Reasons I might not be feeling it right now:
1. First meeting is usually kind of meh
2. What I want, more than a friend, is someone who will flirt with me
3. What I want is the possibility that this is what I'm looking for
4. Everything is feeling kind of meh
5. I'm just not that into him
If it's 1 or 4, then I should give it another go. If it's 3, or 5, there's nothing to be done. If it's 2, then it might happen once the making out happens. I'm remembering that I was pretty meh on Cassidy after we met the first time, but between our first meeting and our second, he'd already won me over again.
We are having... a perfectly fine conversation. We message a few times a day. Sometimes there is squee. But I think that the squee is mostly from "I have a message," and not "I can't believe he said this awesome thing." And, yeah, the idea of sexytimes is appealing enough to be a big factor in my reactions to things. Except right now, even that just sounds... meh. Which is kind of how I feel about everything right now. Except Alistair.
And I feel like I shouldn't make any decisions from this emotional space, because right now, nothing sounds very good, and that's not necessarily because everything is bad.
Except Alistair. Because an obsessive crush on a video game character is totally healthy, I'm sure. And it's a good enough excuse to look up gifs.

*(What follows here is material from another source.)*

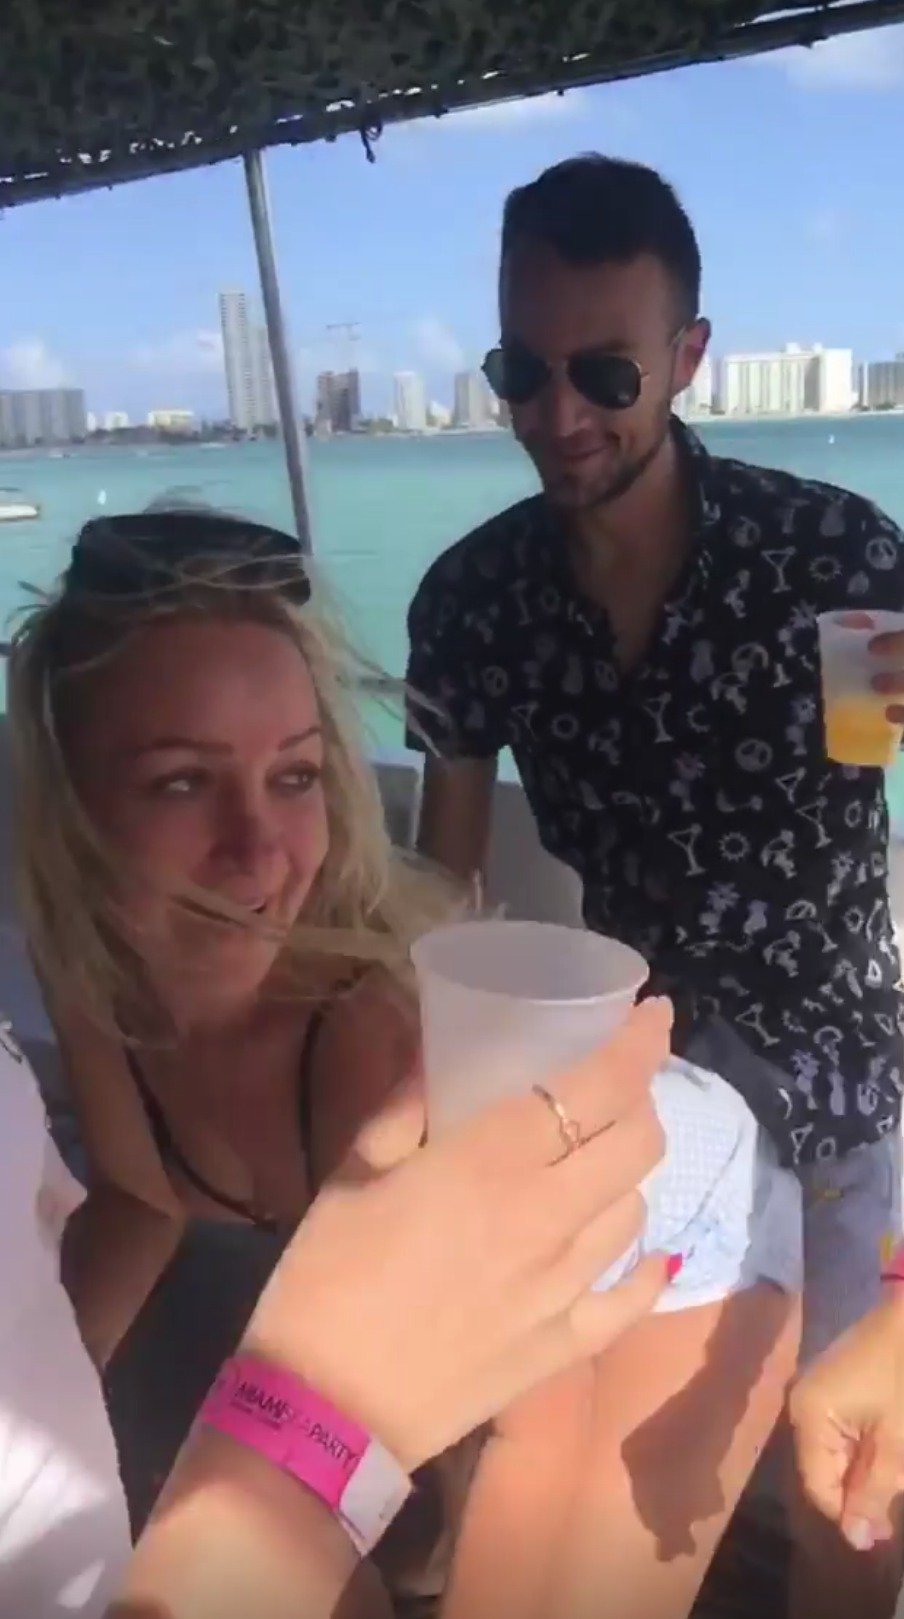 Simona si s novou kamarádkou užívá divoké mejdany v Miami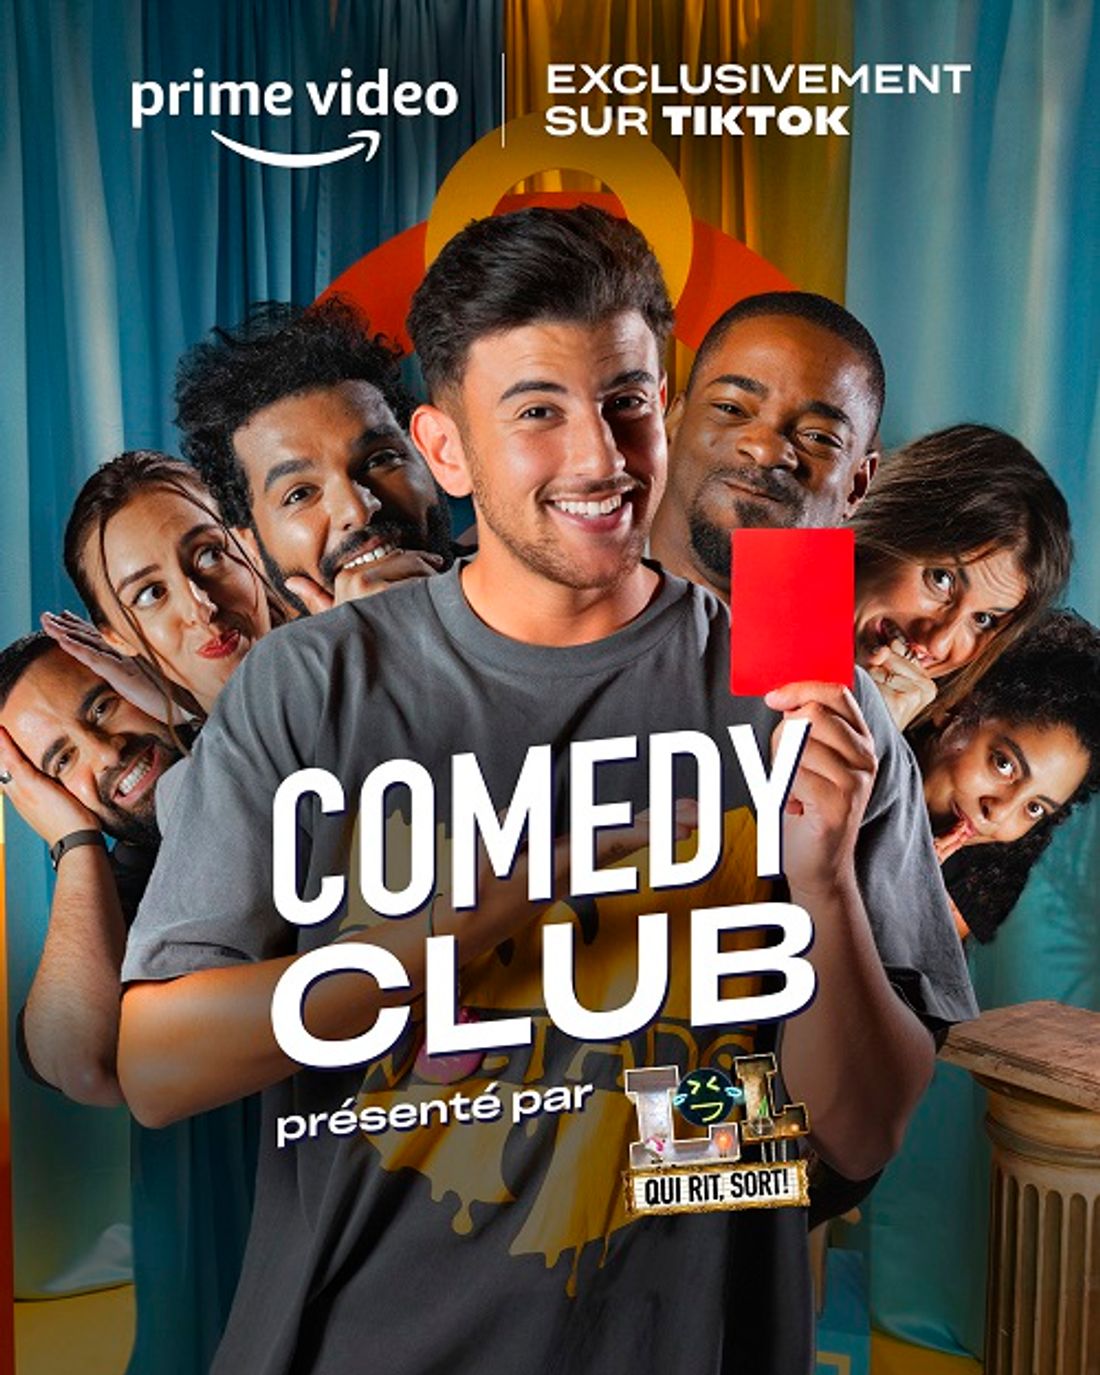 Comedy Club, présenté par "Lol, qui rit sort "

It's funny, how much I like looking up screenshots of Alistair. It's not like looking up photos of Carmen from The L Word. I have no physical attraction to the images. But I like him as a character, and I can imagine him as a person, and the images remind me of the things the character has said that I find endearing.
And every time I talk about this I have a running commentary in the back of my head saying, OMG this is basement-troll-level pathetic, this sad crush on someone who doesn't exist, this is like every bad stereotype of geek boys who can't talk to real girls so they oogle Laura Croft instead, except it's worse because I'm not getting my rocks off, I've got these gooey romantic girlfeelings. I can unpack all the problematic parts of that commentary, but I can't stop judging myself based on it.
I'm in such a bad mood. Really. This has got to stop.